3) However, the "nova service-list" says everything's ok as belows,
dashboard would fail all VNC connections to VMs running on ly-compute1,
but there's no information telling me what's going on, nova-compute.log
on ly-compute1 doesn't say anything meaningful either.

C:\Windows\system32>nova service-list
+----+------------------+---------------+----------+---------+-------+----------------------------+-----------------+
| Id | Binary           | Host          | Zone     | Status  | State | Updated_at                 | Disabled Reason |
+----+------------------+---------------+----------+---------+-------+----------------------------+-----------------+
| 1  | nova-cert        | ly-controller | internal | enabled | up    | 2014-12-28T12:08:47.000000 | -               |
| 2  | nova-consoleauth | ly-controller | internal | enabled | up    | 2014-12-28T12:08:53.000000 | -               |
| 3  | nova-scheduler   | ly-controller | internal | enabled | up    | 2014-12-28T12:08:53.000000 | -               |
| 4  | nova-conductor   | ly-controller | internal | enabled | up    | 2014-12-28T12:08:52.000000 | -               |
| 5  | nova-compute     | ly-compute1   | nova     | enabled | up    | 2014-12-28T12:08:52.000000 | None            |
| 6  | nova-network     | ly-compute1   | internal | enabled | up    | 2014-12-28T12:08:52.000000 | -               |
| 7  | nova-network     | ly-compute2   | internal | enabled | up    | 2014-12-28T12:08:53.000000 | -               |
| 8  | nova-compute     | ly-compute2   | nova     | enabled | up    | 2014-12-28T12:08:47.000000 | None            |
+----+------------------+---------------+----------+---------+-------+----------------------------+-----------------+

Request:
I think that a clearer error message should be presented about this misconfiguration, like adding some code checking if Management IP of a compute node is the same with its my_ip, or just let the nova-compute service down, so the admin would know where the fault locates, using command such as "nova service-list".

** Affects: nova
     Importance: Undecided
         Status: New


** Tags: conductor db

-- 
You received this bug notification because you are a member of Yahoo!
Engineering Team, which is subscribed to OpenStack Compute (nova).
https://bugs.launchpad.net/bugs/1406093

Title:
  Error message lacks when compute node management IP differs with its
  config address.

Status in OpenStack Compute (Nova):
  New

Bug description:
  Summary: 
  when the Management IP address of a compute node differs with its "my_ip" config of nova.conf, nova-conductor would prefer the "my_ip" config and store it into the "compute_nodes" table "host_ip" column of nova database.
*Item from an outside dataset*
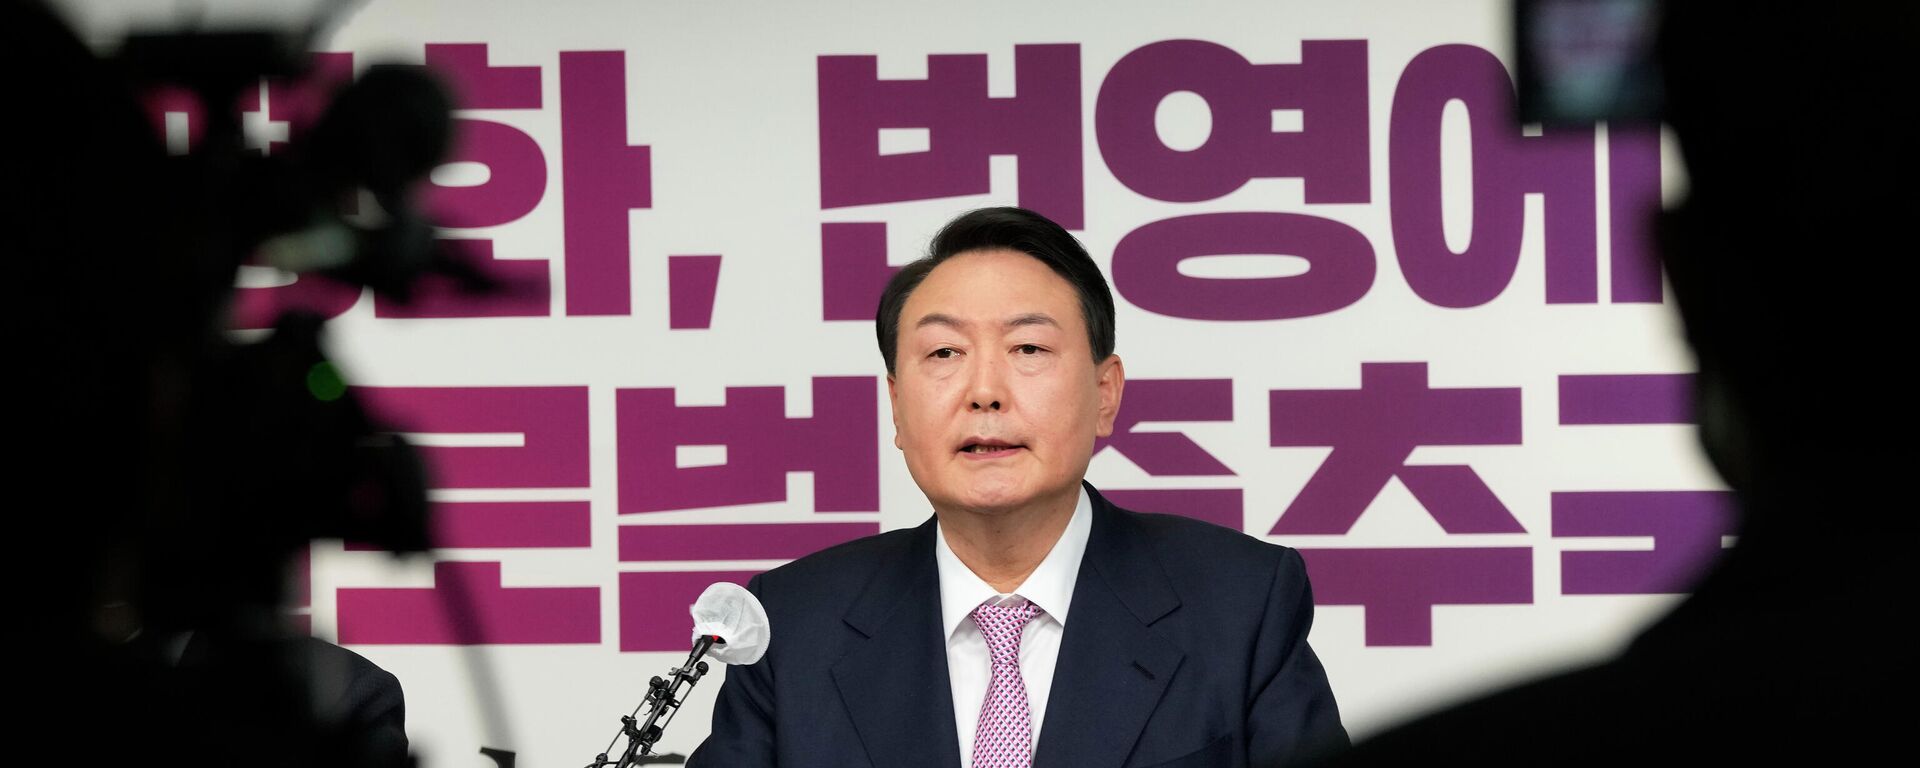 Yoon Suk Yeol, the presidential candidate of the main opposition People Power Party, speaks during a press conference at the party's headquarters in Seoul, South Korea Monday, Jan. 24, 2022. - Sputnik International, 1920, 02.01.2023

Certainly, this would lead to the failure of this compute node, but it's hard to notice, because it turns out good in the "nova service-list" command, and nowhere to see the cause, even the log didn't say anything meaningful.

  Scenario: 
  When you dulicate a new compute node using snapshots, this problem easily happens.

  Example:
  1) Here's an example, we have two compute nodes named ly-compute1 and ly-compute2. The "my_ip" of ly-compute1 is misconfigured because 10.0.0.35 does not exist.
  *********************************************************************
  ly-compute1 (Compute Node 1)
  *********************************************************************
  Management IP:
  Ethernet(eth1)
  IP Address: 10.0.0.31

  nova.conf:
  [DEFAULT]
  my_ip = 10.0.0.35
  *********************************************************************
  ly-compute2 (Compute Node 2)
  *********************************************************************
  Management IP:
  Ethernet(eth1)
  IP Address: 10.0.0.32

  nova.conf:
  [DEFAULT]
  my_ip = 10.0.0.32
  *********************************************************************

  2) Here's a fraction of "compute_nodes" table in nova database, from which we can see that, nova has got the wrong my_ip value.
  *********************************************************************
  nova database:
  hypervisor_hostname	deleted		host_ip
  ly-compute1			0			10.0.0.35
  ly-compute2			0			10.0.0.32
  *********************************************************************

  3) However, the "nova service-list" says everything's ok as belows,
  dashboard would fail all VNC connections to VMs running on ly-
  compute1, but there's no information telling me what's going on, nova-
  compute.log on ly-compute1 doesn't say anything meaningful either.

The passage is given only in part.